London Dramatic Academy to Close in Summer 2020
February 5, 2020
After nearly two decades under Fordham leadership, the London Dramatic Academy (LDA) will be closing at the end of the Spring 2020 semester. Richard P. Salmi, S.J., will also be stepping down as the Head of London Center.
Dennis Jacobs, provost and senior vice president of academic affairs, announced the news in an email to current London study abroad students on Tuesday, Jan. 28.
LDA theatre students, alumni and those hoping to study at LDA in the future have expressed their sadness about the program’s closure. “I was transformed by my experience in LDA. It is, and probably will be for a long time, the best experience of my life, and I feel so fortunate to have been able to go,” Daniel Camou, Fordham College at Lincoln Center (FCLC) ’20 and LDA in 2019, said.
LDA was founded in 1979 by Marymount College, and Fordham University took over the conservatory in 2001 when the American universities consolidated. Since then, Kathryn Pogson has served as the artistic director and helped grow the program into the competitive dramatic institute it is today. LDA was housed at Fordham London Centre in Clerkenwell, London with exclusive theater facilities, including a modern performance floor.
“Theater is demanding and you must be able to look after your unique talents and to nurture the blessed gift of every creative performer,” Pogson said on the LDA website.
LDA comprised professional actors and actresses who, while working on their respective productions around London, would take time to also teach LDA students.
“Many of my professors worked at Royal Dramatic Academy, a world-renowned acting conservatory, and to have those instructors come with that knowledge and expertise… it was an unparalleled learning experience,” said Zack Clark, FCLC ’21, who participated in the program in 2019.
Another student, Charles Buscarino, Fordham College at Rose Hill ’20, said, “The instructors in LDA were absolutely dedicated to what they were teaching. Their passion and commitment to theater in all its forms really helped foster a sense of fellowship between everyone in the class.”
Other members of the LDA faculty include Zoë Waites, who taught classes that focused on Shakespeare. While in London, Camou and other LDA students even attended her play “The Double Dealer” by William Congreve at the Orange Tree Theatre.
Waites expressed her sadness toward the closing of the program to former LDA attendees in an email.
“We are kind of in shock here, and personally I feel really devastated. Such a blow,” Waites wrote. “I feel pretty bleak and uncertain about the future. The combined blow of Brexit and LDA closing feels somewhat battering to say the least.”
Many theater students said that the LDA program was the reason they chose Fordham, making the news of its closure especially upsetting to underclassmen who now will never be able to experience LDA.
For Lila Holley, FCLC ’23, a major reason that she joined the Fordham theatre program was for the experiences at LDA. “This was going to be the big moment of my education,” she said.
“Going abroad to LDA was one of the big things that made me choose Fordham’s theatre program. I want to focus my career on classical theater, it seemed like a perfect opportunity to learn in the environment where Shakespeare was born,” Eliza Pagel, FCLC ’23, said.

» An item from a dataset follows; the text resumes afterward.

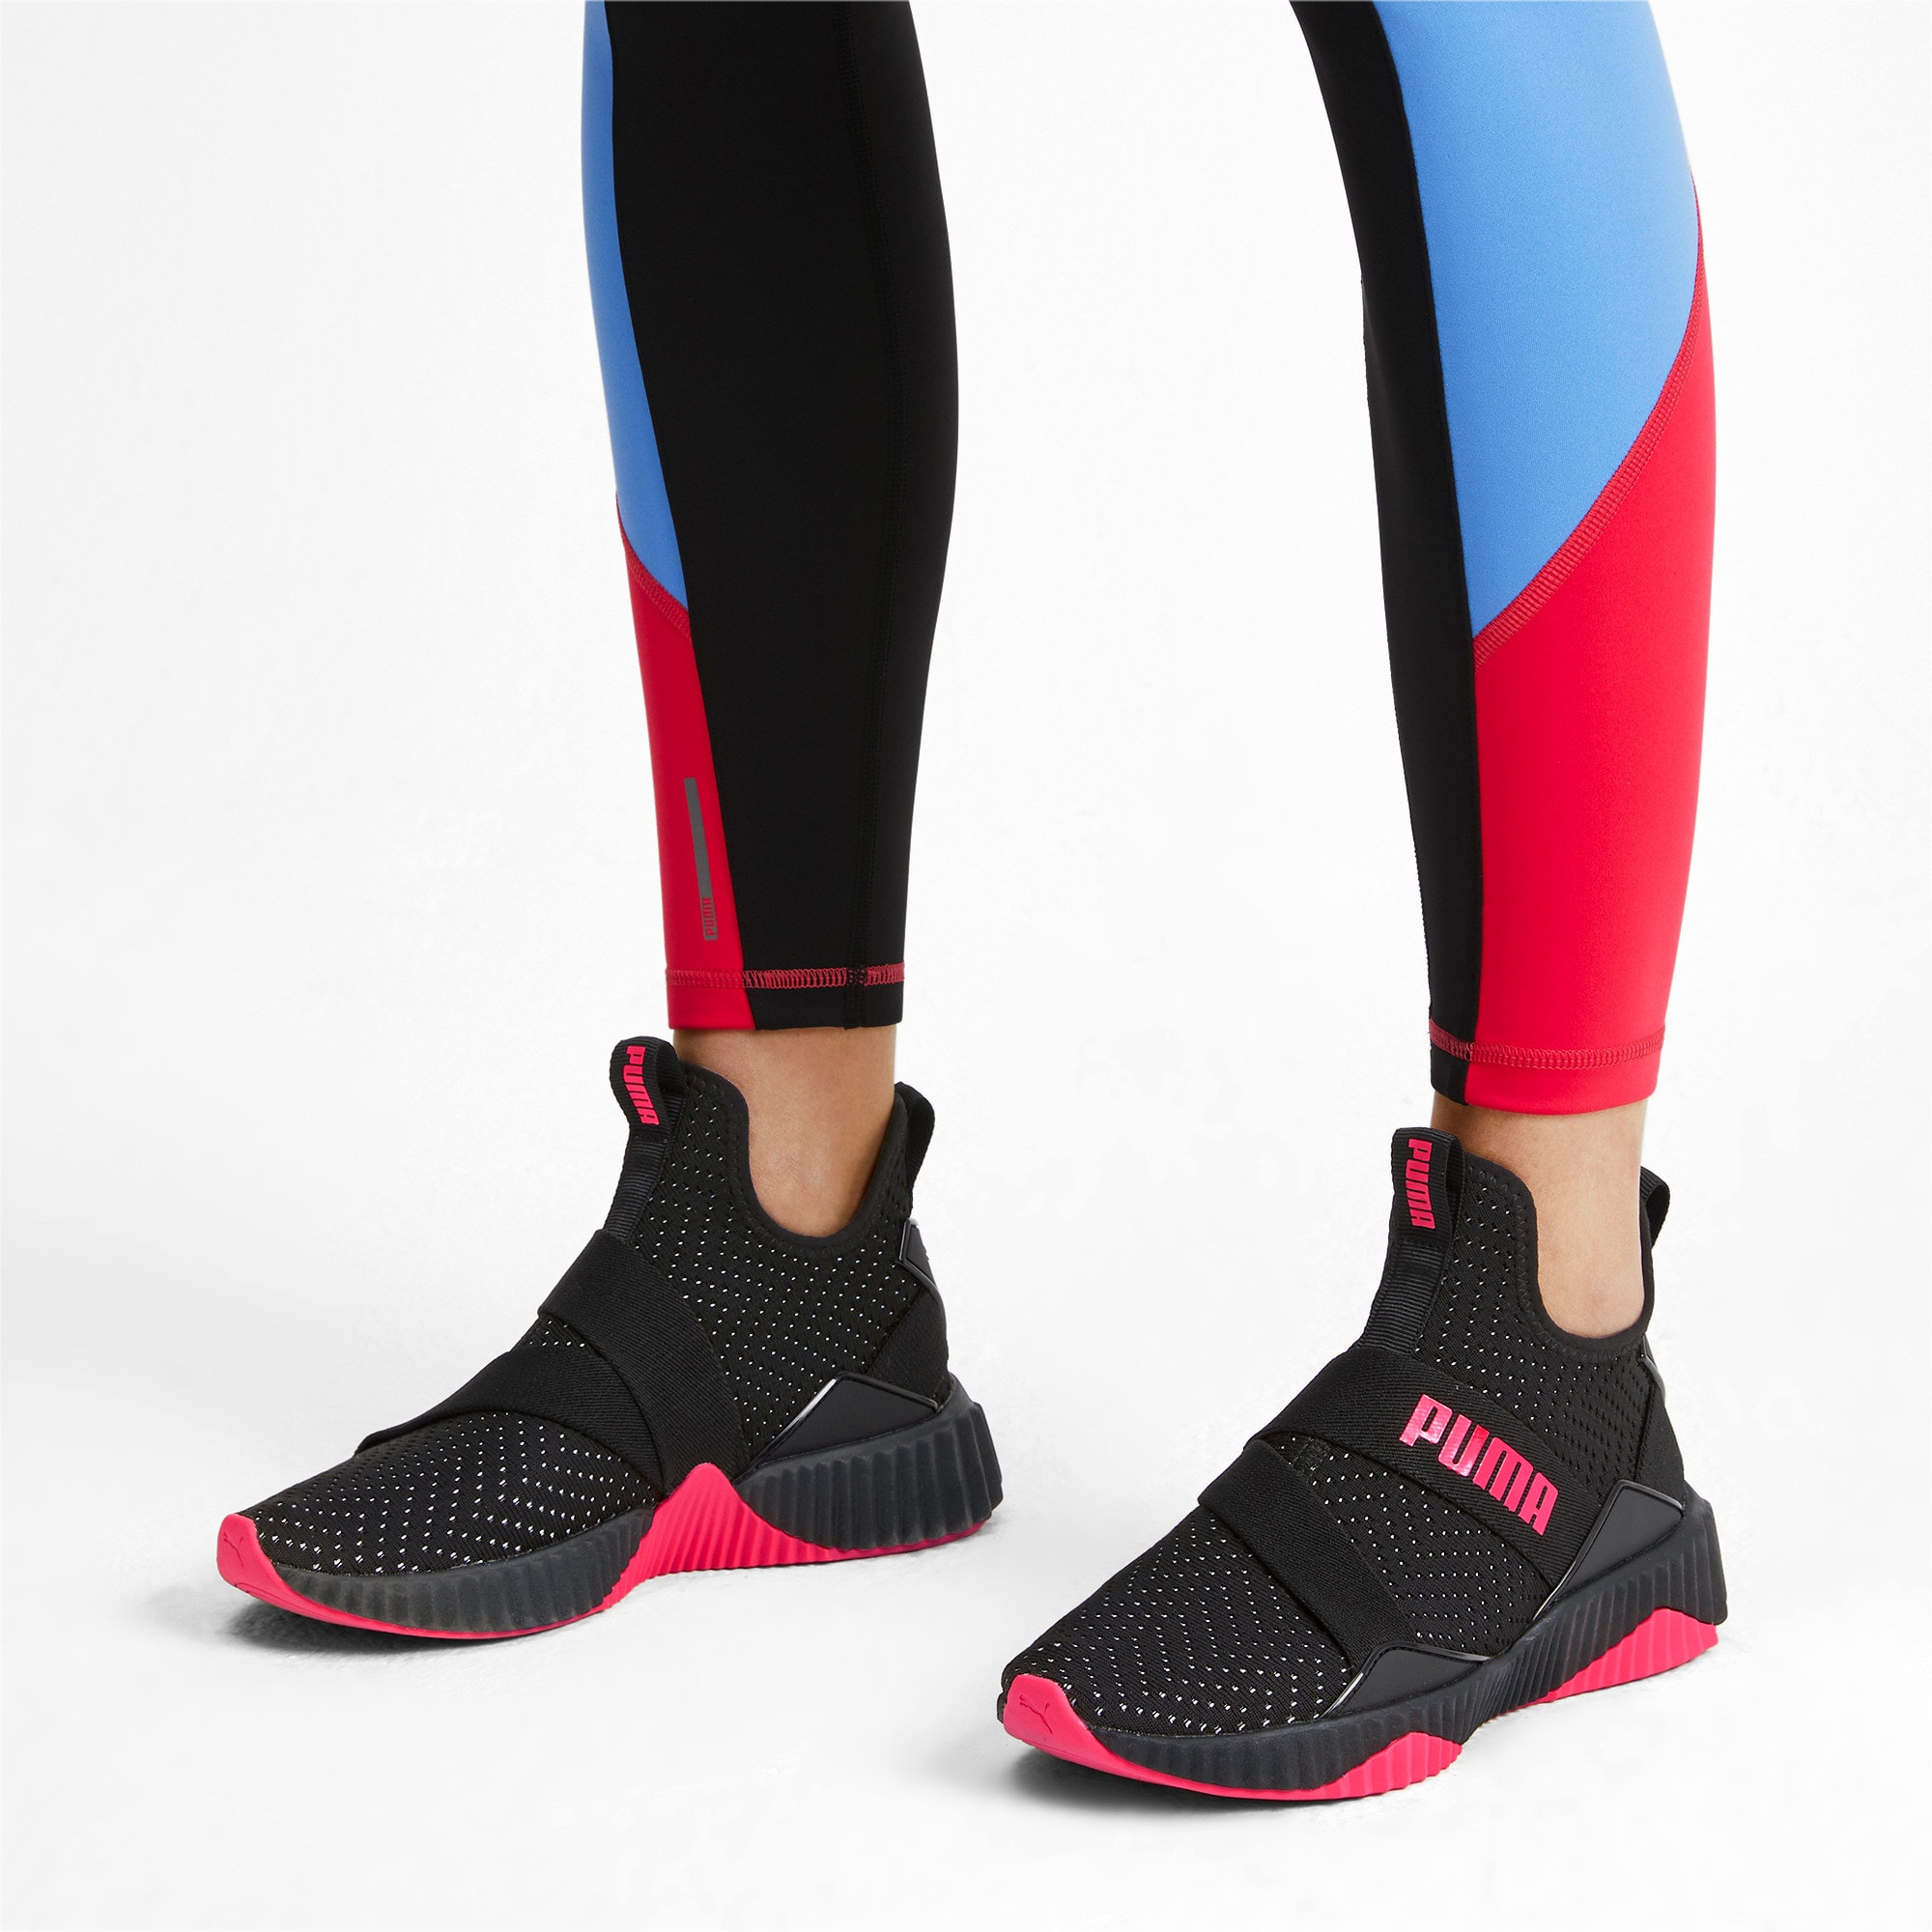 Thumbnail 2 of Defy Mid Core Women's Trainers, Puma Black-Pink Alert, medium-IND

Joseph Rienti, director of the study abroad office, wrote that the administration is working with the Fordham theatre department to try and locate other potential theater programs for students to study abroad.
“We have been working closely with Theatre Department faculty and have identified the London Academy of Music and Dramatic Arts as a good alternative for Performance students interested in studying abroad in London next year and in the future. Some theater students, in the past, have opted to enroll in our London Internship program and completed internships in theater management,” Rienti wrote.
Rienti cited additional study abroad options for theater students in Moscow, Mexico City, Buenos Aires, Grenada and Milan, all of which have been attended recently by Fordham theatre students.
Jacobs added that the current space used for LDA will be converted to expand other London Centre facilities.
“Fordham will reconfigure the spaces that had been used exclusively by the LDA to provide additional classroom and student spaces at London Centre, thereby expanding capacity for new and existing academic programs,” Jacobs wrote.
“I am confident that London Centre will emerge from this period of transition with a clarity of vision and a renewed ability to capitalize on its many strengths,” Jacobs wrote. However, many students believe that LDA was an integral part of the London Centre experience and do not think that the campus will be the same without it.
“There is no other program at Fordham that has challenged its students so passionately or impacted its student so profoundly or inspired them so lastingly than LDA,” Camou said. “It is utterly unthinkable to cut a program that cared so much,” he continued.